Ken comes in and we had meetings with the band. A lot of that design was Ken, more than me. And on Destroyer, most of that was me with a little bit of Ken, if you know what I mean. Ken already had his feet wet with the band and felt comfortable in that environment. I had very little to say about the front cover. I asked him to do a back cover again. I said, “Same thing as Destroyer. Use the same scene, just take the people out.” Because I felt my contribution to that album was minimal, I was feeling a little left out. So, I suggested that I work on the inner-sleeve. At that time we were one of the few acts doing fancy full-color inner-sleeves. Most people simply had white inner-sleeves.I came up with the idea to write out KISS in blood on the inner-sleeve of Love Gun. I said, “That’ll be a powerful image. And we should do it on green marble, to match the columns on the front cover of the album. It’ll give it a cohesive look by carrying that theme throughout.” So, I went looking for some green marble and couldn’t find any. I bought a piece of marble that wasn’t green but wound up not using it. Instead, I found this nice blue marble contact paper, which I knew I could turn to green later in post-production. I also got a gallon of beef blood from my butcher. I went down to the photographer’s studio, David, because he always did a great job shooting still life photos. We set up the shot and I was dipping a spoon into the blood to try and spell out the name KISS and it wasn’t working. The blood wasn’t thick enough to hold the shape. So, I started to cook it on the stove he had there, then I added flour or corn starch and that worked, but that made it turn brown. I asked David’s assistant to go to an art store to get me red acrylic paint – cadmium red. He came back with a pint or quart of this stuff and I started to dip my spoon in there and I wrote it once. I wanted it to look haphazard but I was very careful too. And I added a couple drops to make it look more interesting. To give the photo more schmaltz, David created a shaft of light and it turned out great. To this day, I love that image more than some of my album covers.After Love Gun you worked on Alive II, KISS’ second live album. What was your approach going into that one?
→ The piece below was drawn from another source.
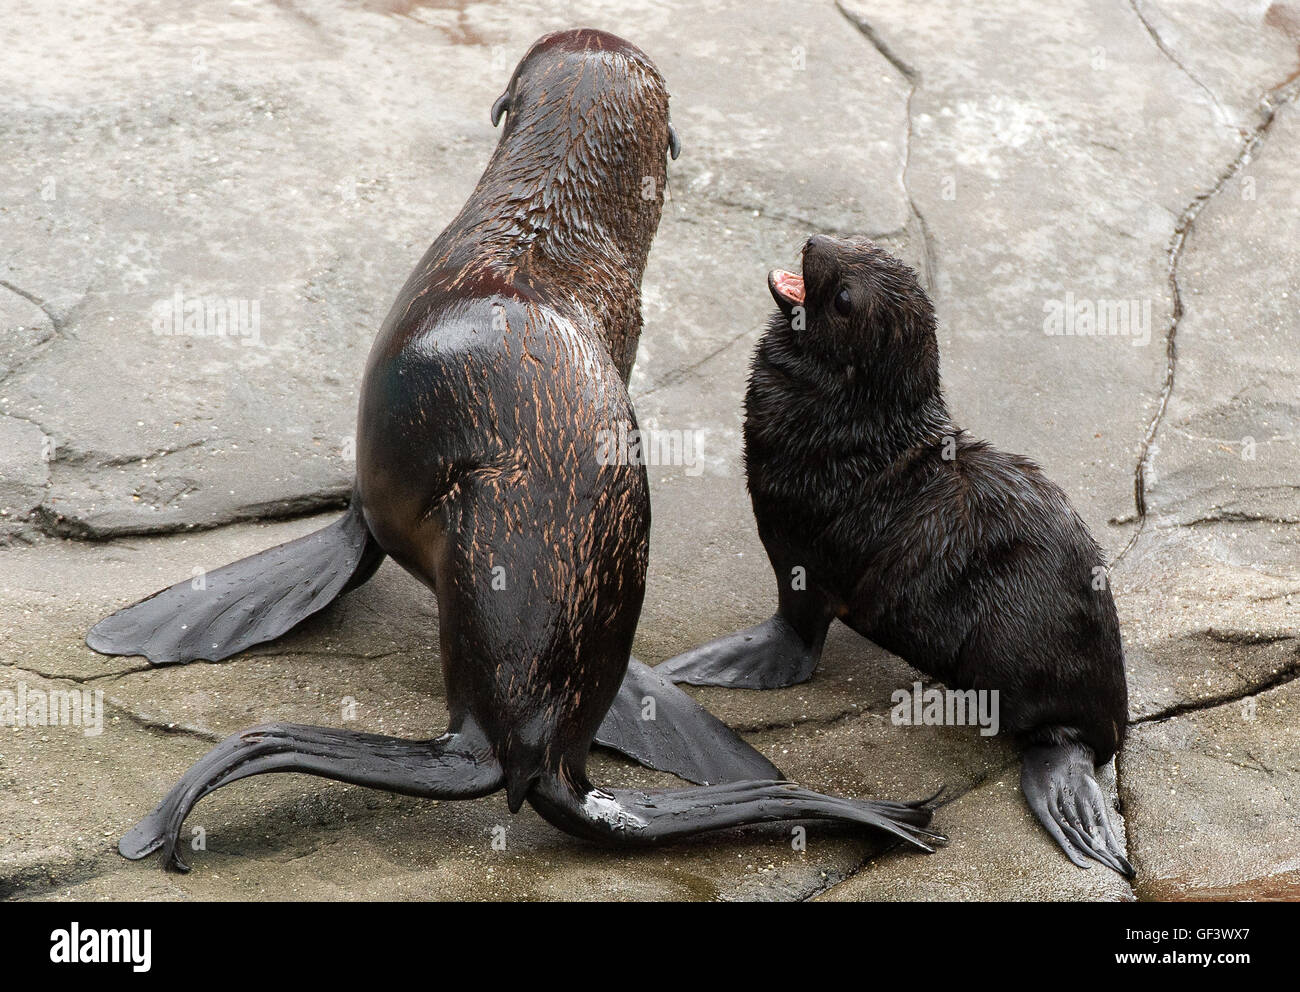 Hanover, Germany. 28th July, 2016. The young sea bear girl Myrte and her mother Diva can be seen at the zoo in Hanover, Germany, 28 July 2016. Myrte was born on 24 June 2016 and is a northern fur seal (Callorhinus ursinus). PHOTO: SEBASTIAN GOLLNOW/dpa/Alamy Live News Stock Photo

The thing I remember most about that one was that we didn’t have any good live stage shots, like we did for Alive! Of course, with the first live album that photo was staged. They weren’t really playing there. I was looking for a live shot. And, believe it or not, there aren’t any shots where all four guys look good. It’s impossible. To get two guys to look good is damn hard. Three guys is damn near impossible. And four is impossible. Especially the drummer. You never see the drummer. He’s behind a cloud of smoke, he’s blurry or hidden in the background. It’s awful. We just didn’t have any photos at that point. I kept looking and looking. I had to beg for photos at that time. I’d tell them, “C’mon. Get some photographers out there to take some shots we can use. I need more photos, guys. I need photos for the projects I’m working on and I’m stuck with the same old photos.” That’s what I had to do for Alive II. I had to dig through these photos, and I decided to do closer shots of each of the guys. And instead of making them really huge, I decided to make the typeface really large. Something different than what we had done before. Big KISS logo and Alive logo and the photos of the guys in the remaining space. I guess I got bored with myself because I decided to change the color of the KISS logo too. I made it a red/purple color instead of a red/orange/yellow. It is what it is. It looks OK. If I had better live shots of the band, it would have come out different. But I didn’t.